Data ->
---+---
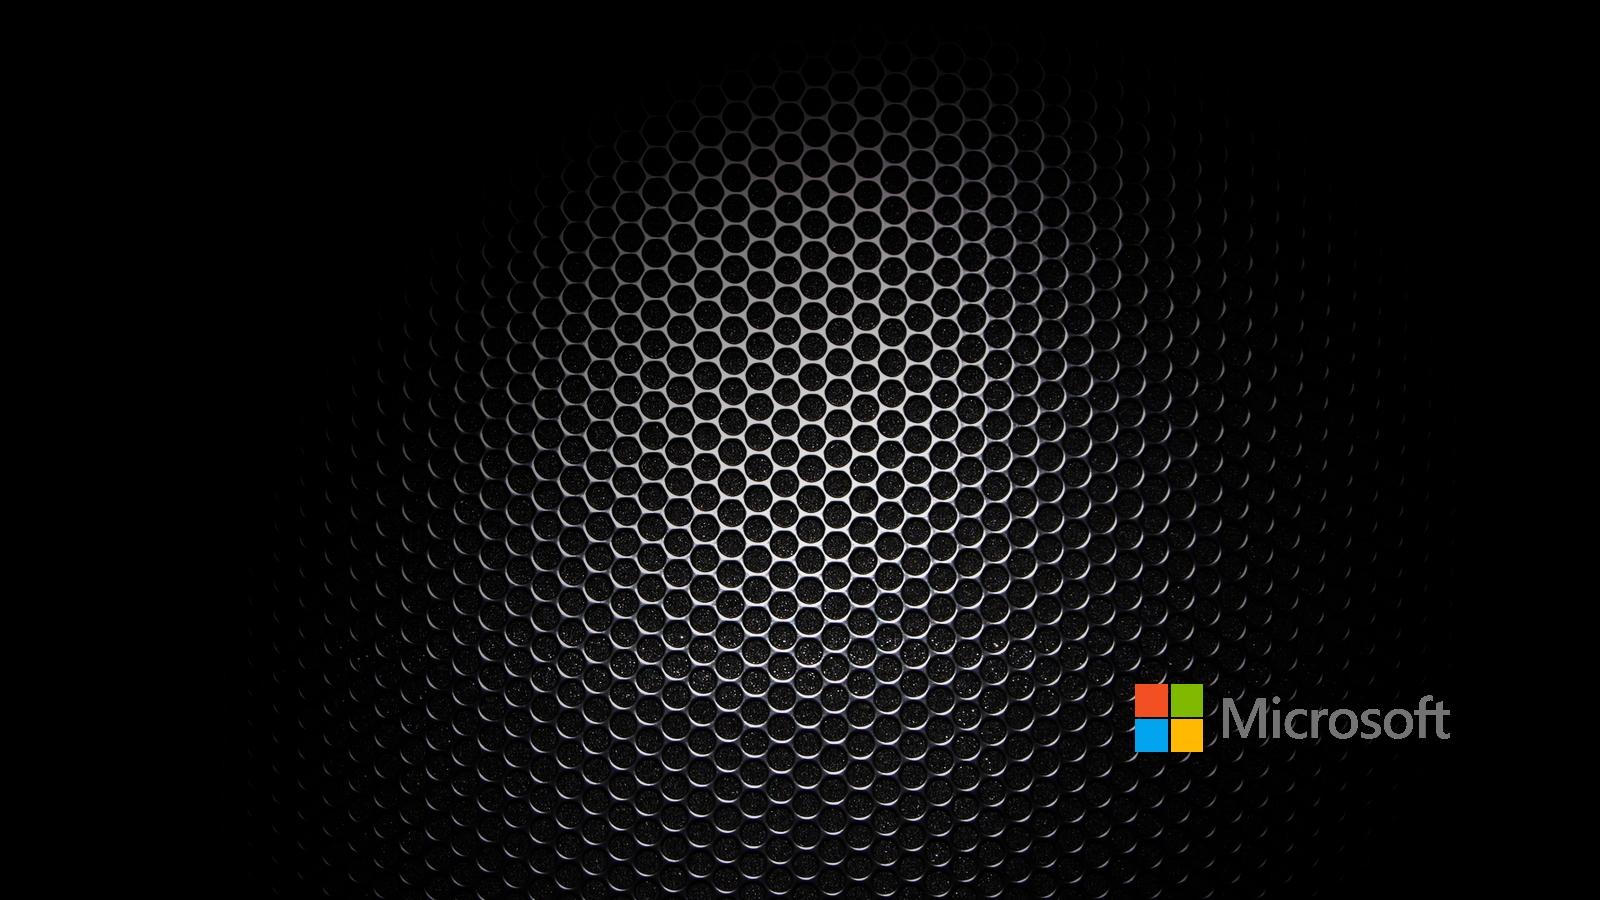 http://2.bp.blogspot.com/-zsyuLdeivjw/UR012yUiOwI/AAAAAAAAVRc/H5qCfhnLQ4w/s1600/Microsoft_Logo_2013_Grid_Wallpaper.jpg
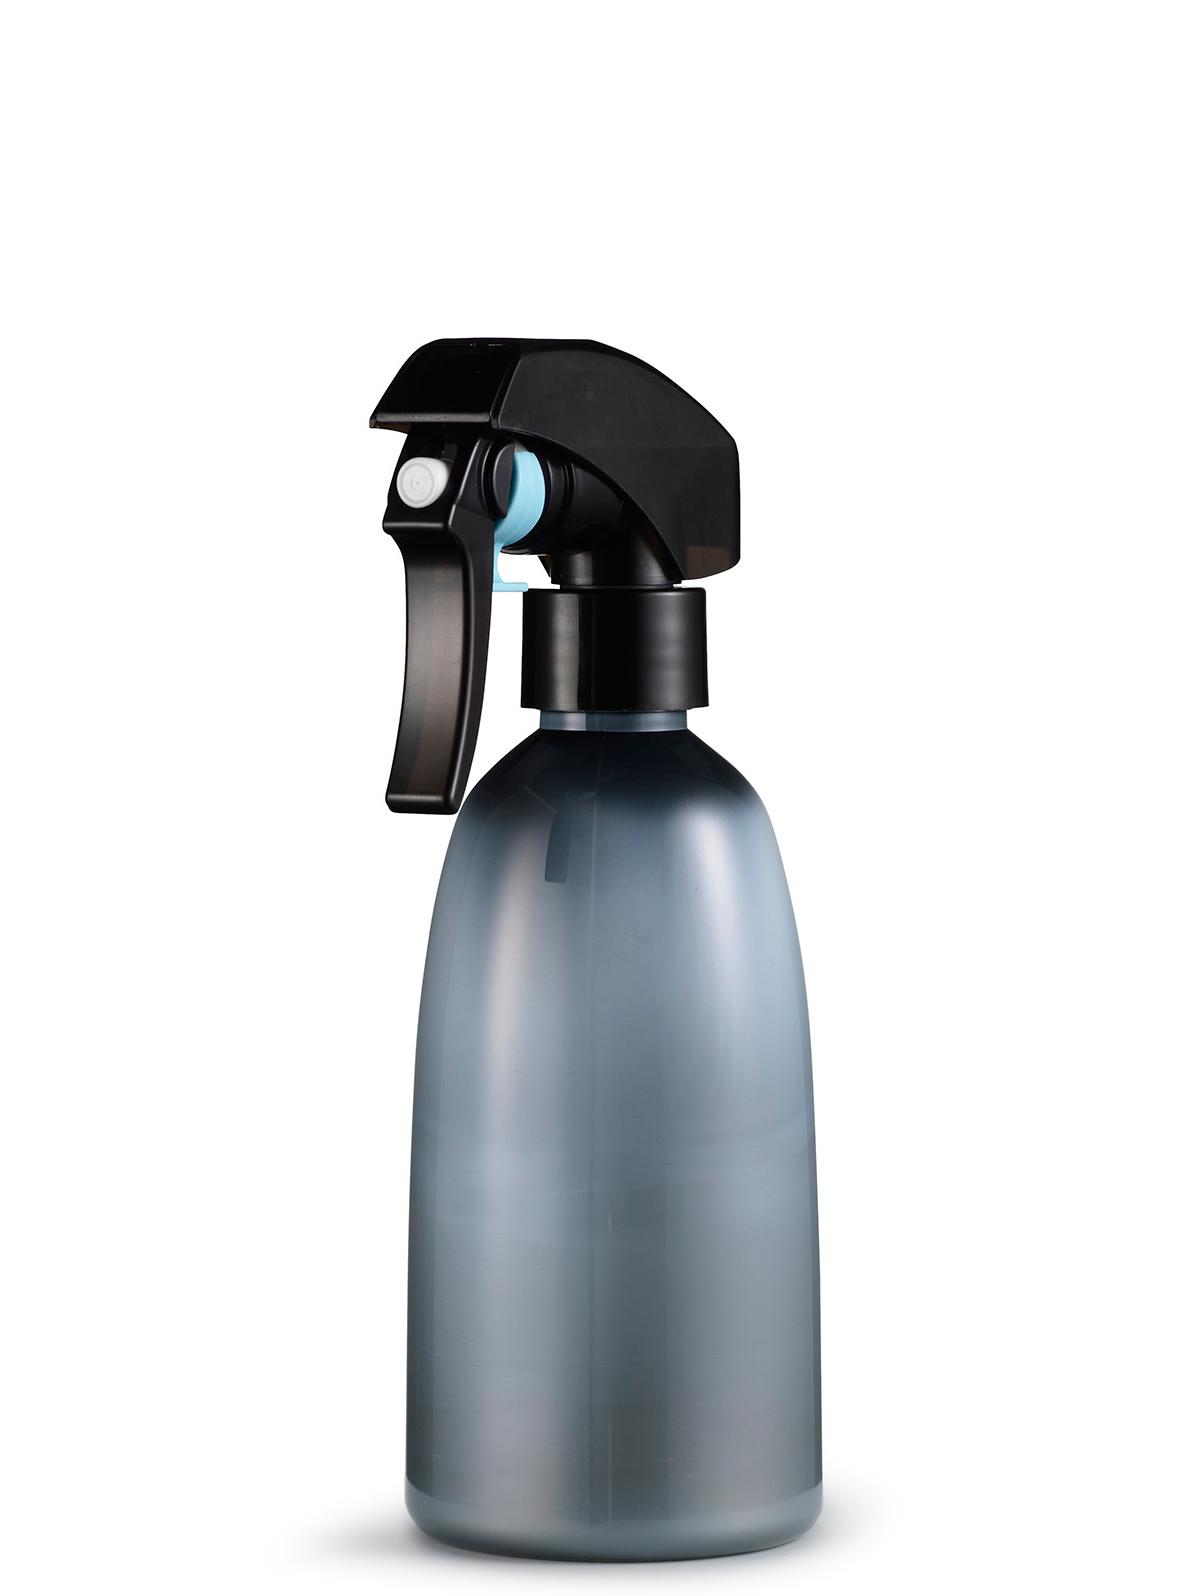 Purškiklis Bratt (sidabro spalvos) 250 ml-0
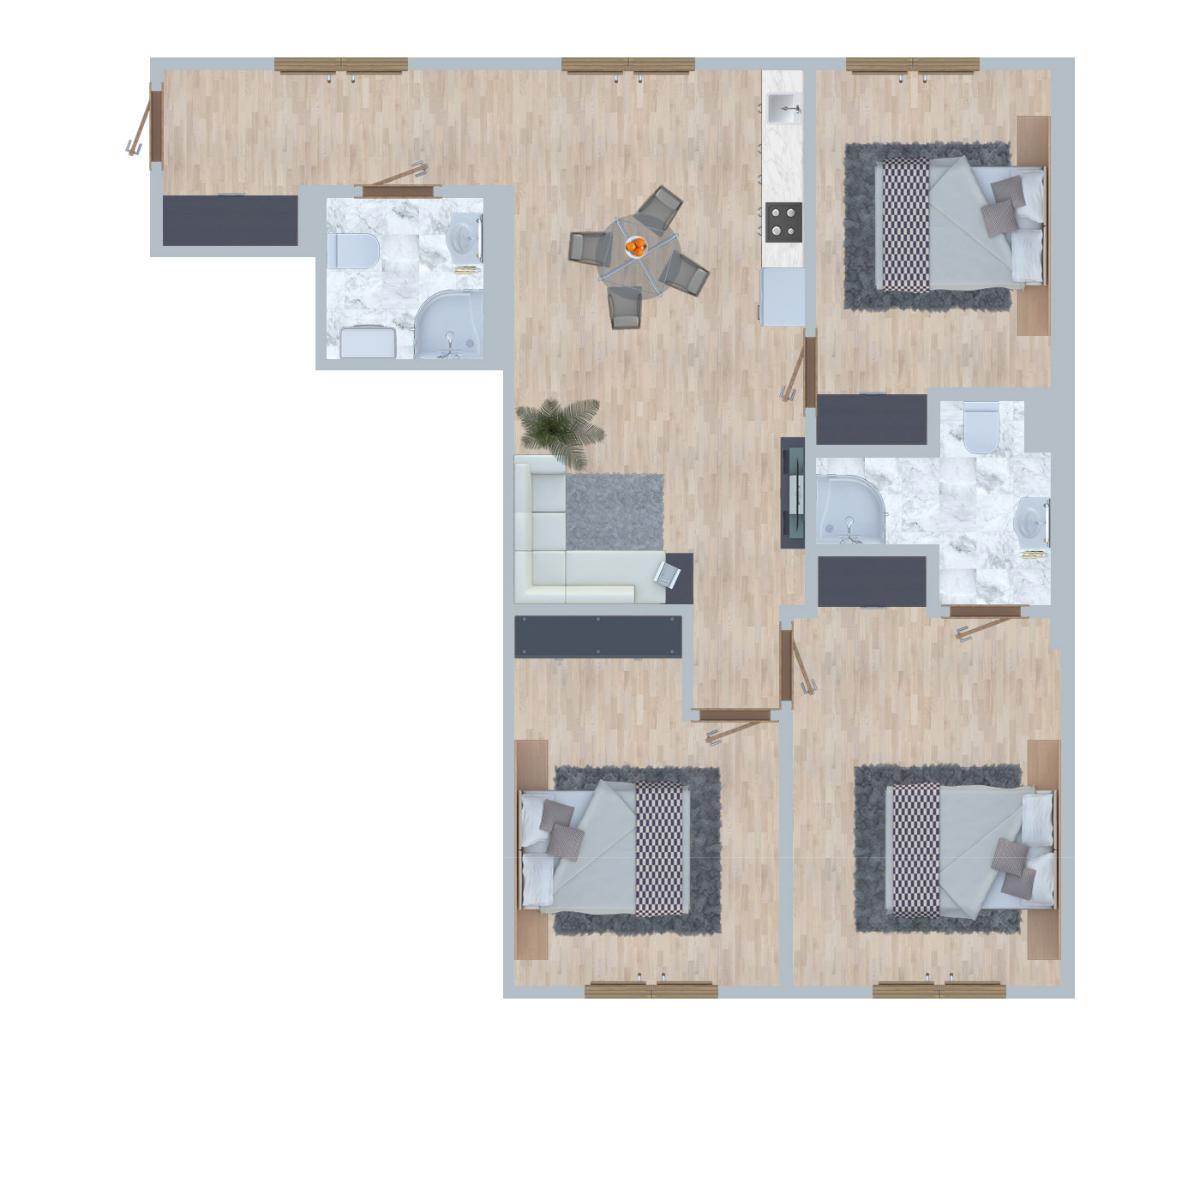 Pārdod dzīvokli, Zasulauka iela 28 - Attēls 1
---+---
Exercise description ->
Skip all pictures. Then give again, exactly, each line from the line holding "Purškiklis Bratt (sidabro spalvos) 250 ml-0" through the last line of the listing above, both ends included.

Task output ->
 Purškiklis Bratt (sidabro spalvos) 250 ml-0
 Pārdod dzīvokli, Zasulauka iela 28 - Attēls 1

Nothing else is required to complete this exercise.